(Stored data begins)
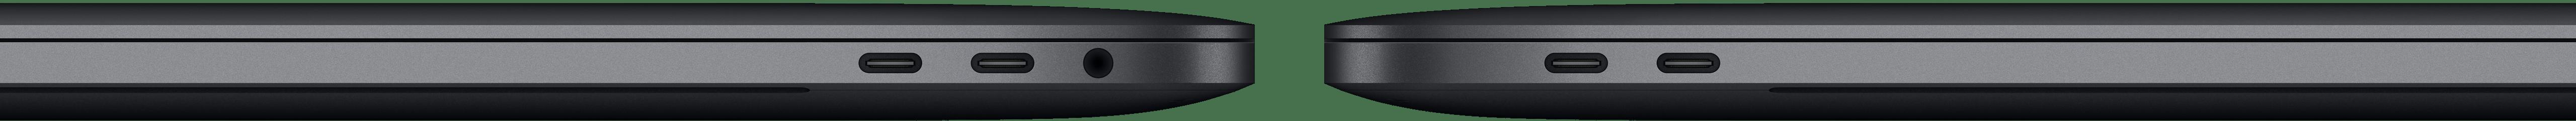 Portas dos MacBooks Pro com Touch Bar
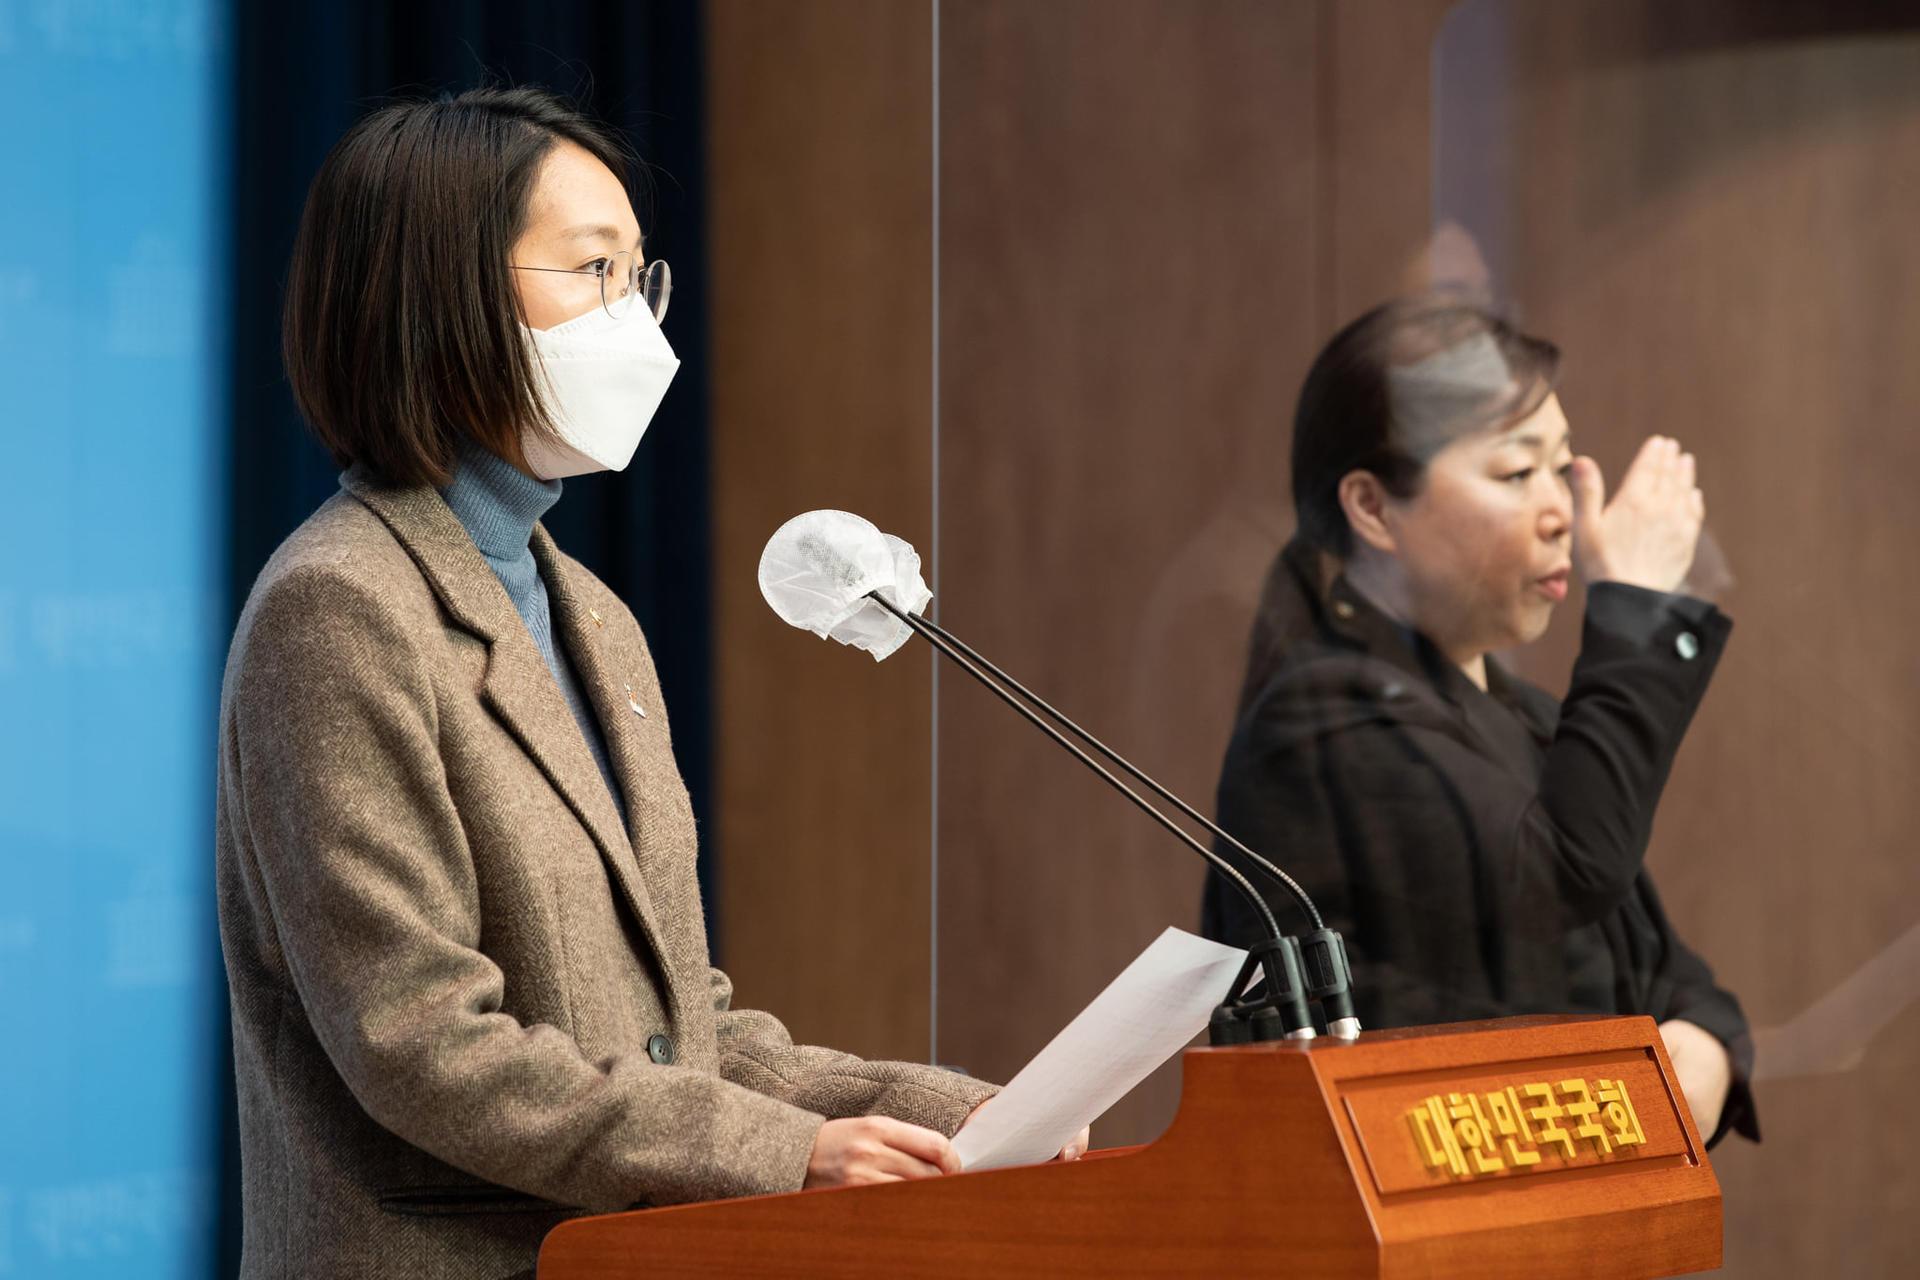 2020년 11월 27일 장혜영 정의당 원내대변인이 선거용 예타면제 특별법에 정의당은 명백한 반대 입장을 밝힌다는 브리핑을 하고 있는 사진, 수어통역사와 함께.
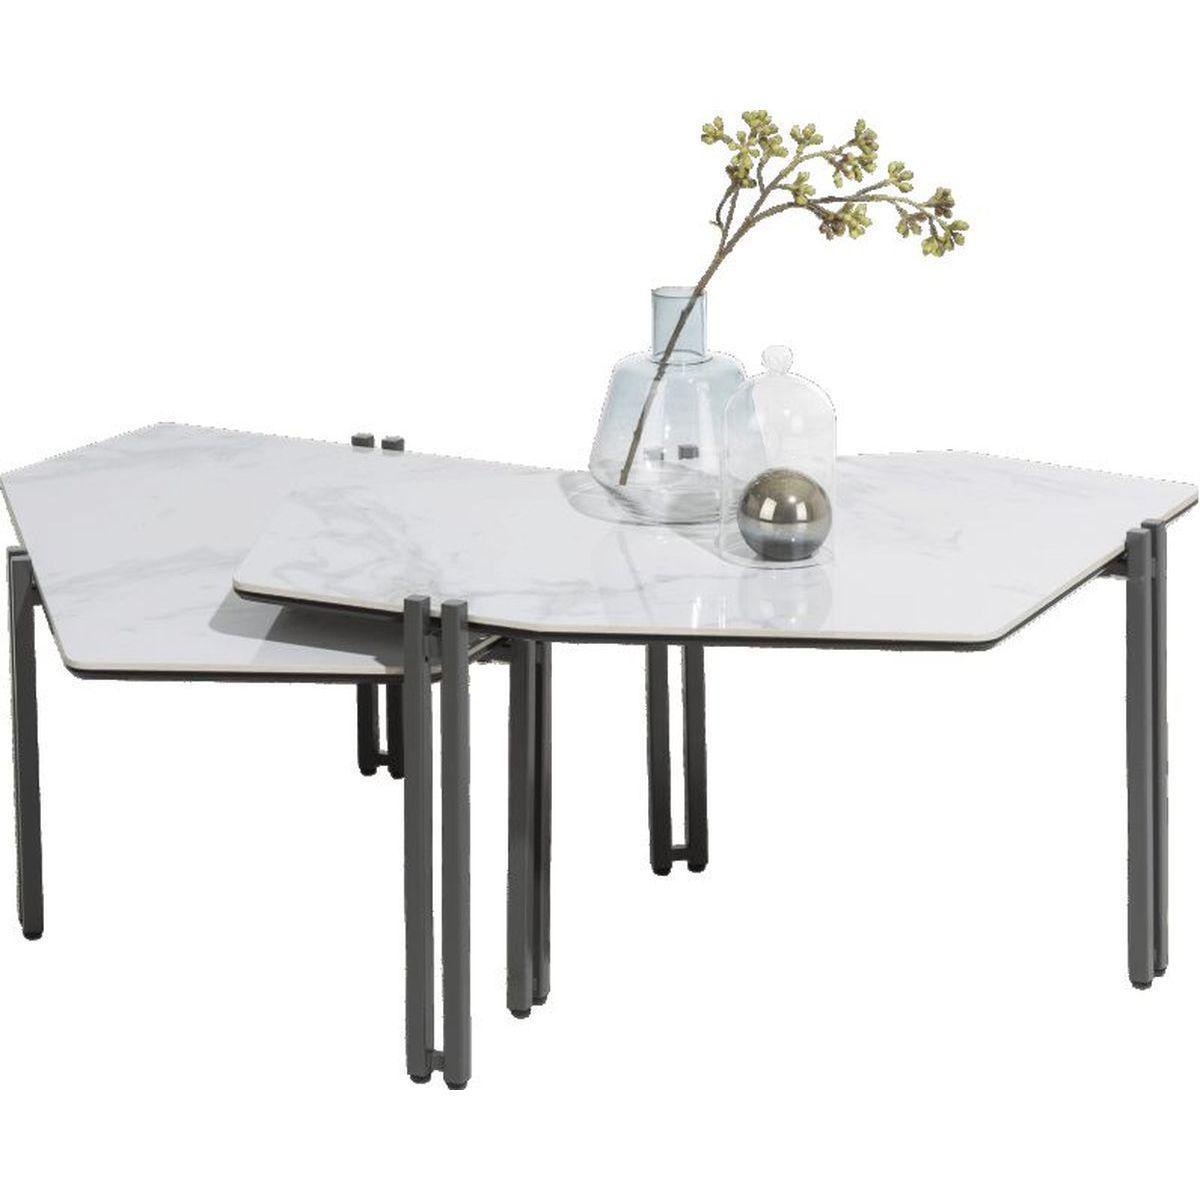 Set de 2 table basse GLASGOW Xooon
(Stored data ends)
Write out exactly the lines from the line that contains "2020년 11월 27일" through the end of the material, including both ends. No pictures belong in the copy.

 2020년 11월 27일 장혜영 정의당 원내대변인이 선거용 예타면제 특별법에 정의당은 명백한 반대 입장을 밝힌다는 브리핑을 하고 있는 사진, 수어통역사와 함께.
 Set de 2 table basse GLASGOW Xooon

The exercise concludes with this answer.